Once you have all your clips arranged the way you'd like and you are ready to create your DVD, you can click File>Optimize DVD and a window will open that will tell you what clips if any need to be rendered or converted. If the file does not need to be re-compressed, there will be a green check mark next to it (see figure 4). If re-compression is necessary, a yellow diamond will display, and if you force re-compression on an already compliant file, then a red diamond will display. This is a fast and foolproof way to check your project before you complete the process. By making sure that your files are already compliant, you can cut the burn time dramatically.

Figure 4



Files that need re-compression display with a Yellow Diamond. Compliant files have a green check mark that indicates no re-compression is necessary (mpeg-2 files)

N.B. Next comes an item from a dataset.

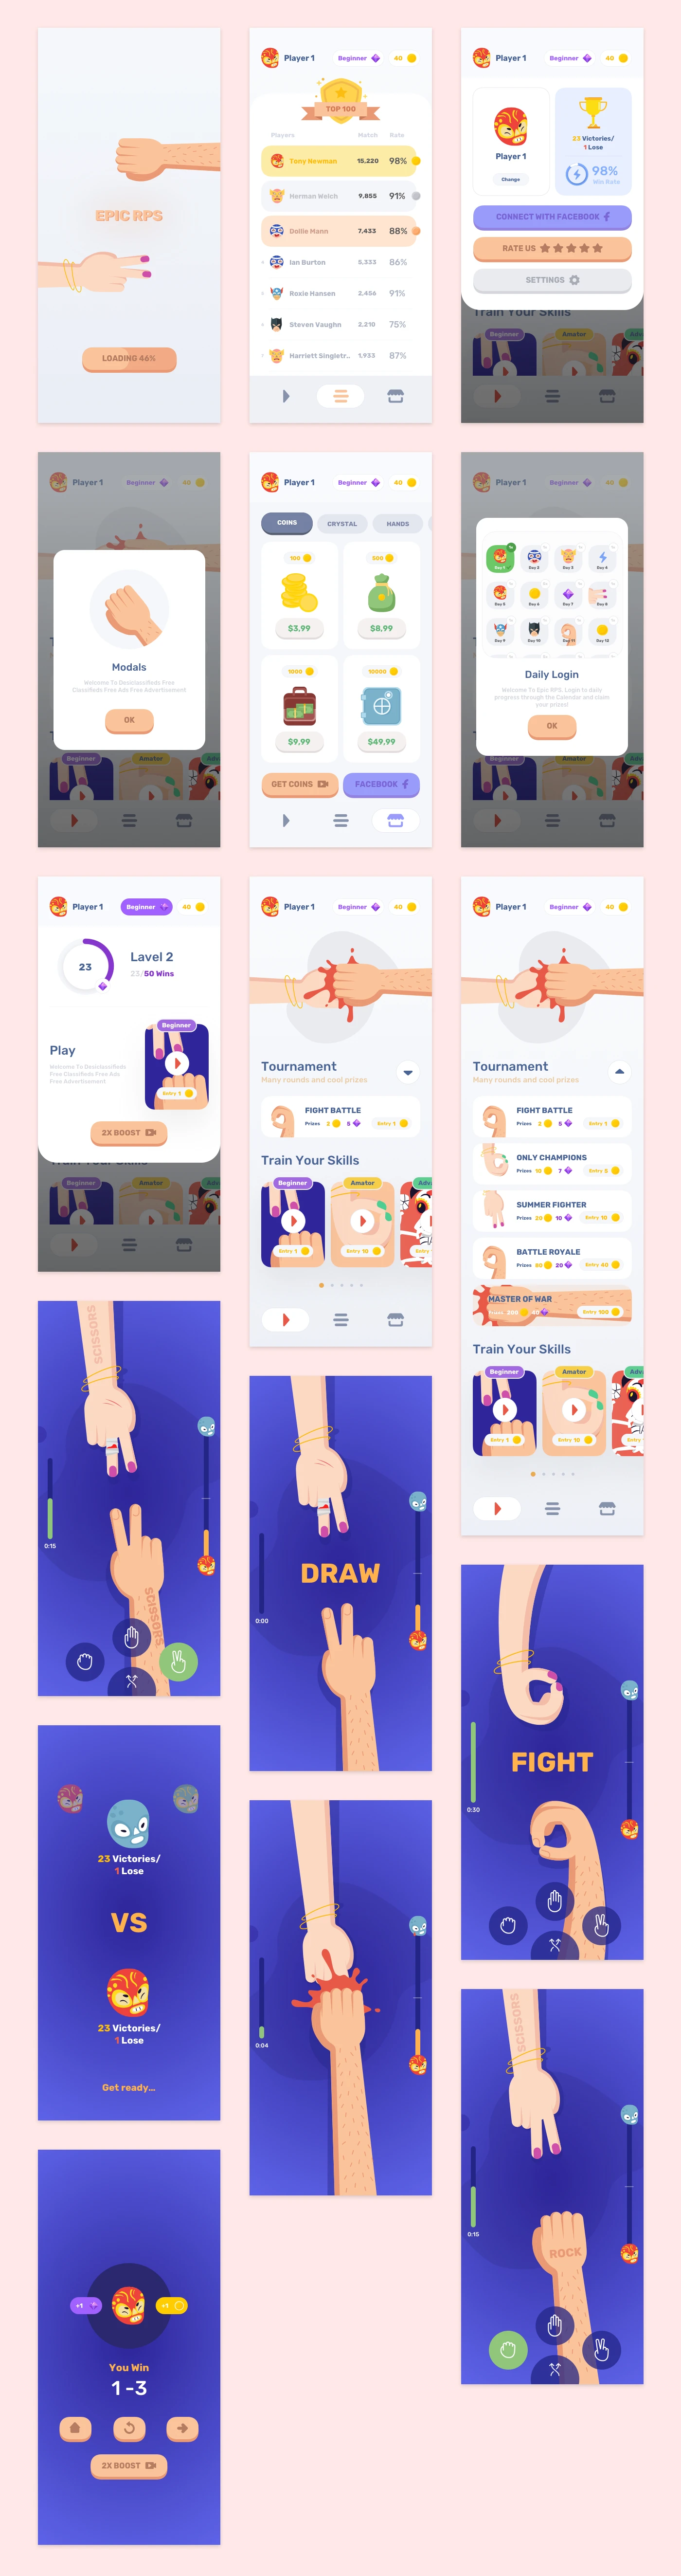 Epic Mobile Game UI Kit for Sketch - Fancy mobile game concept, 16+ screens for you to get started.
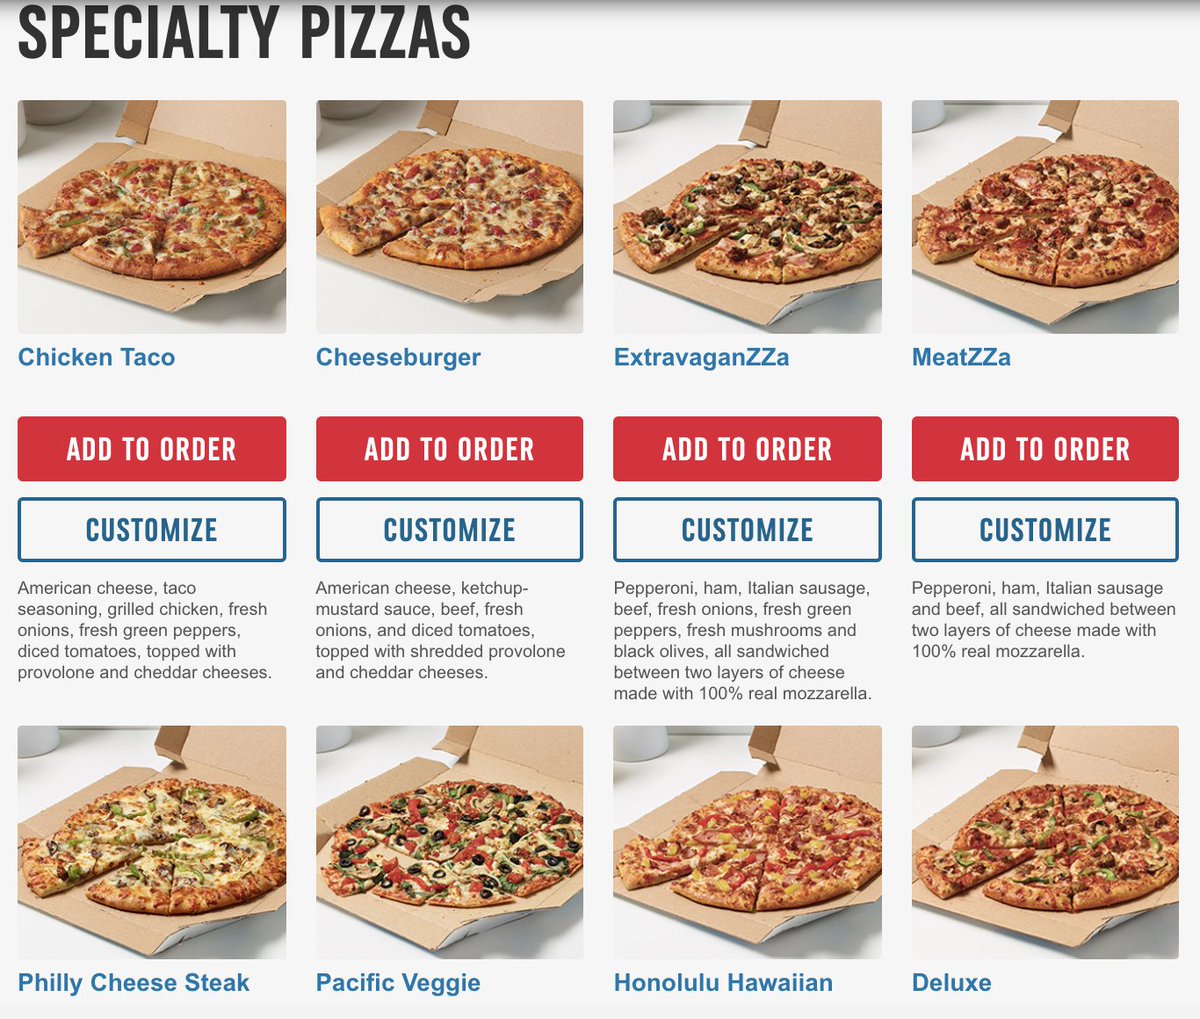 Let's say I'm feeling uninspired and want to order one of Italian Domino's specialty pizzas. They look similar to the American offerings, no?But I think what's great about Italian Domino's is that all of their specialty pizzas appear to be called "LEGEND"...for some reason.

I think that Sonic Foundry has really hit a home run with this package. DVD Architect works right out of the box. There is a very short learning curve (although I imagine that the more you work with this program the more tricks you'll discover). The output is as professional as you could want with none of the craziness that others would have you believe is a part of DVD authoring.

The interface is simple and effective. The manual, while I'd like to see a little more depth and some more sophisticated themes available, is readable and informative.

But the bottom line is that DVD Architect fulfills its mission and allows beginner or expert to construct a professional DVD presentation with a minimum of hassle and headache.

Cow Rating:

Add some more sophisticated themes, and a little more depth to the manual and you'd have 5 cows easily.
For what it is, 4 1/2 cows and a MUST BUY Rating!